##### COLLECTED DATA #####

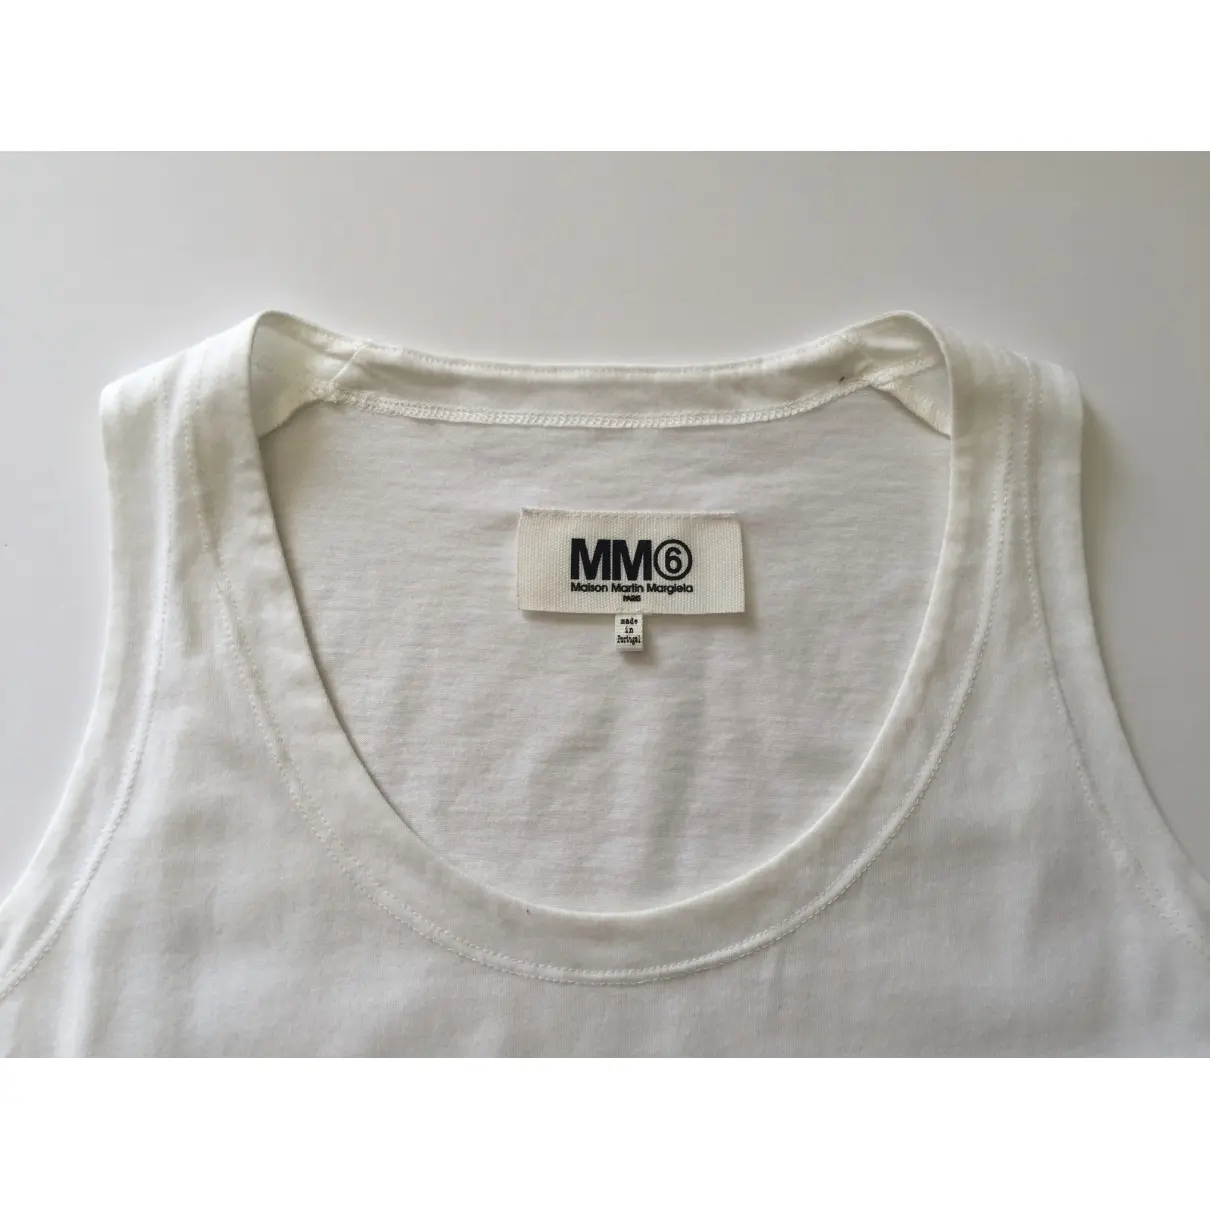 Buy MM6 Vest online
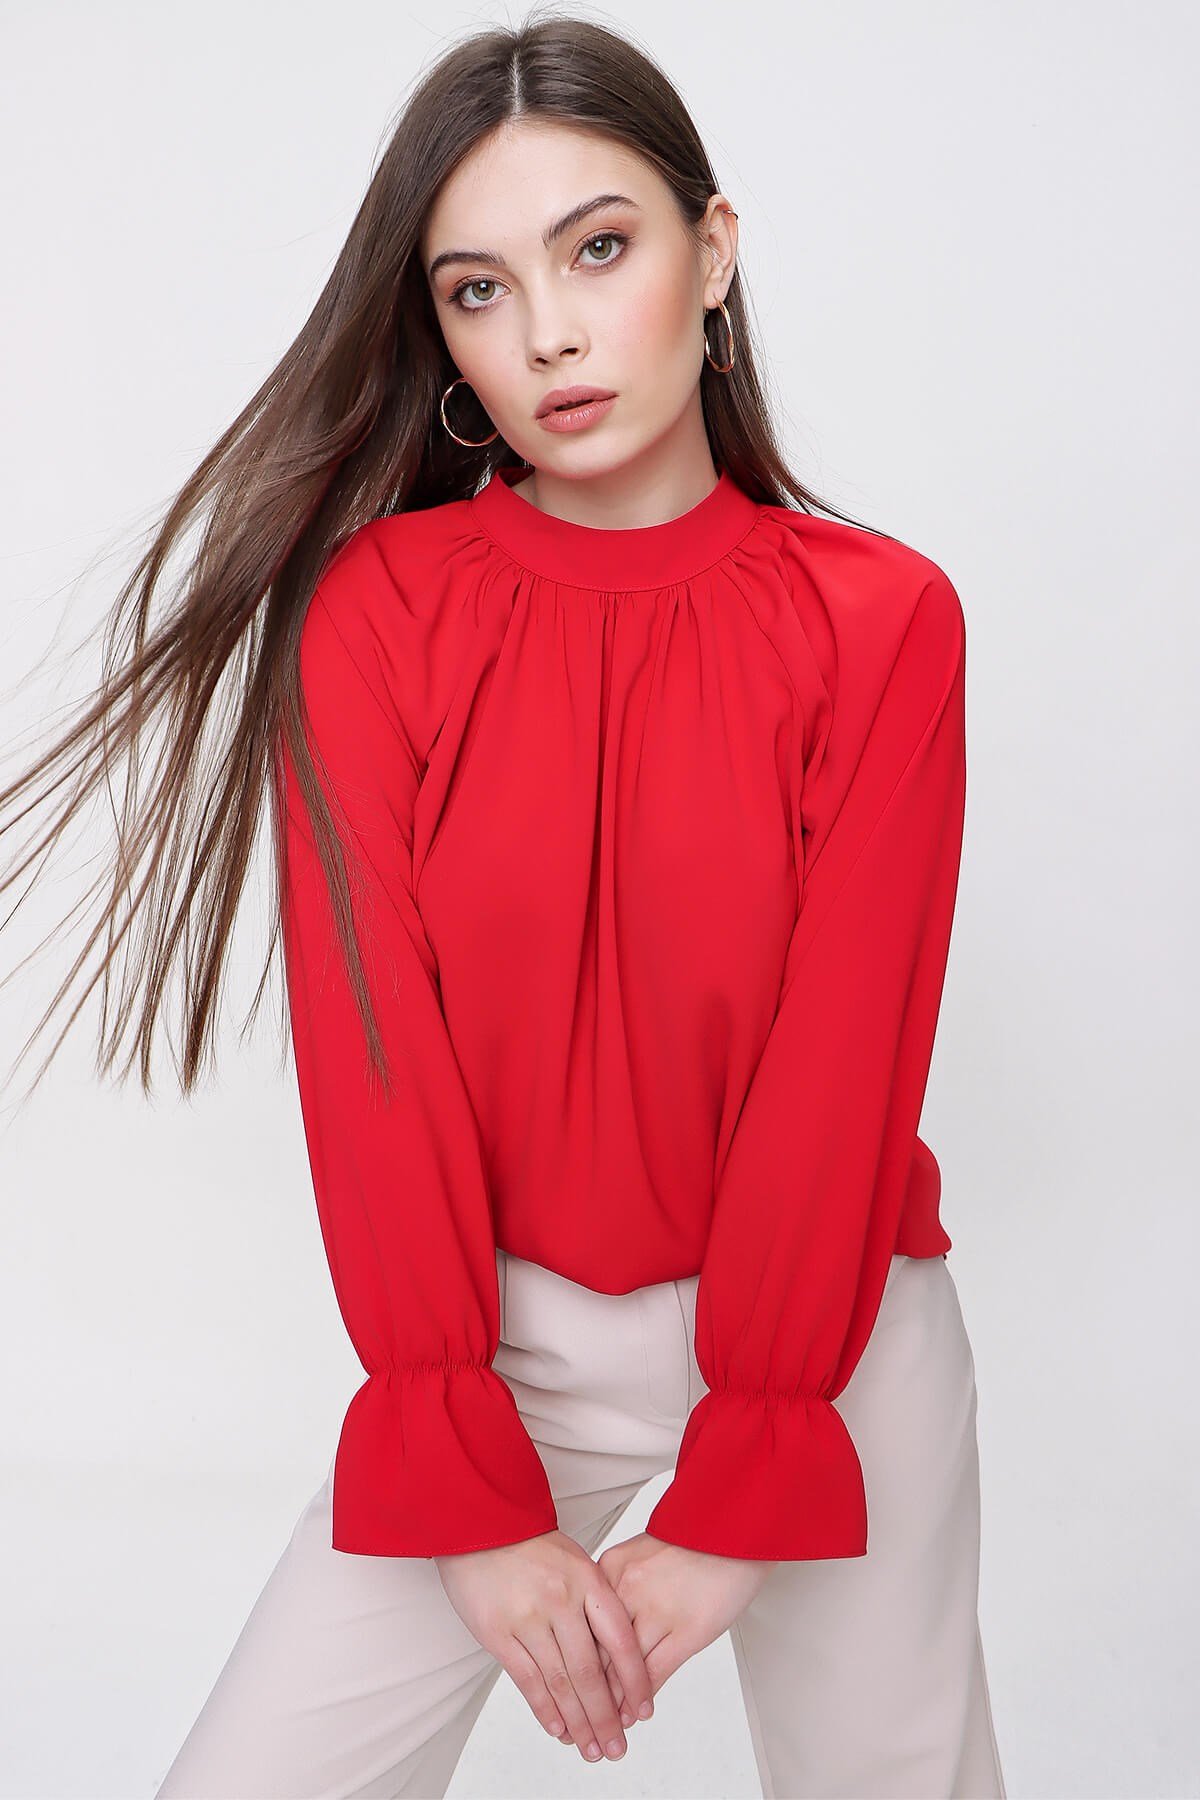 Kadın Kırmızı Yaka Büzgülü Kol Lastikli Bluz - Butik Buruç
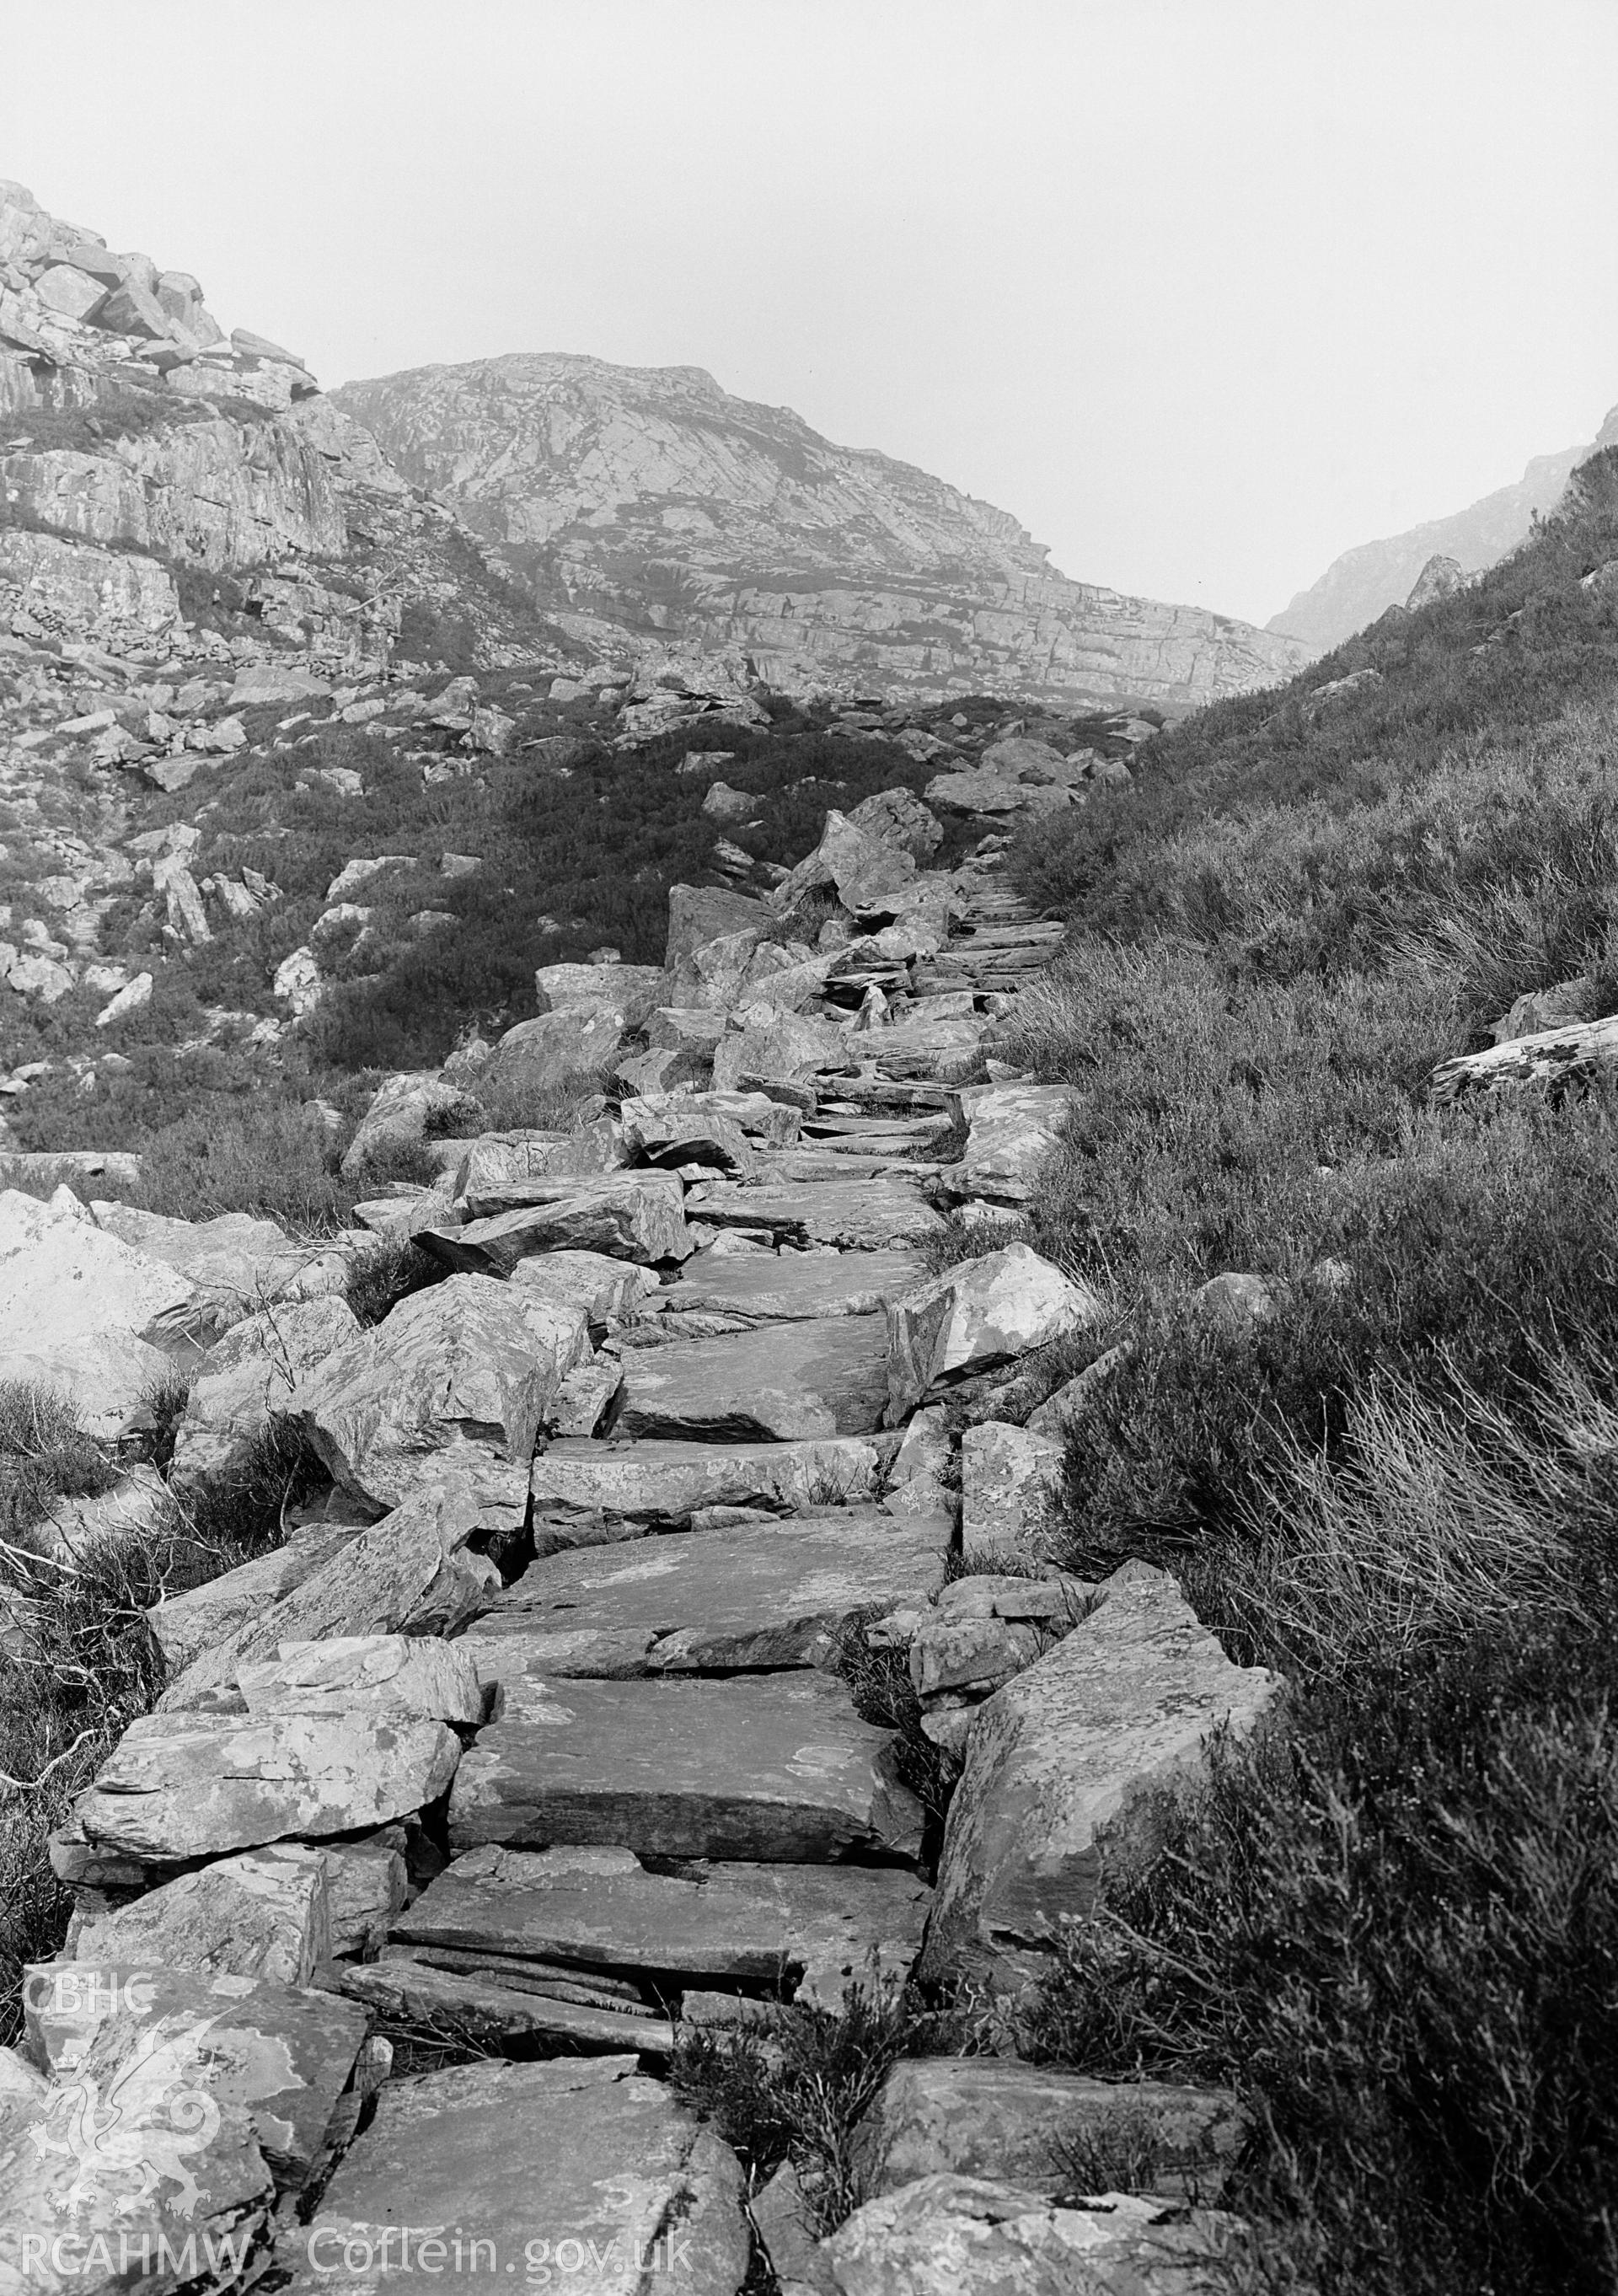 View of Roman steps at Llanbedr, taken by Clayton.

#####

▶ [REQUIREMENT]:
Transcribe only the lines from the line holding "Kadın Kırmızı Yaka" to the final line of the listing above. Keep them exact, include both ends, and skip the pictures.

▶ [RESPONSE AREA]:
 Kadın Kırmızı Yaka Büzgülü Kol Lastikli Bluz - Butik Buruç
 View of Roman steps at Llanbedr, taken by Clayton.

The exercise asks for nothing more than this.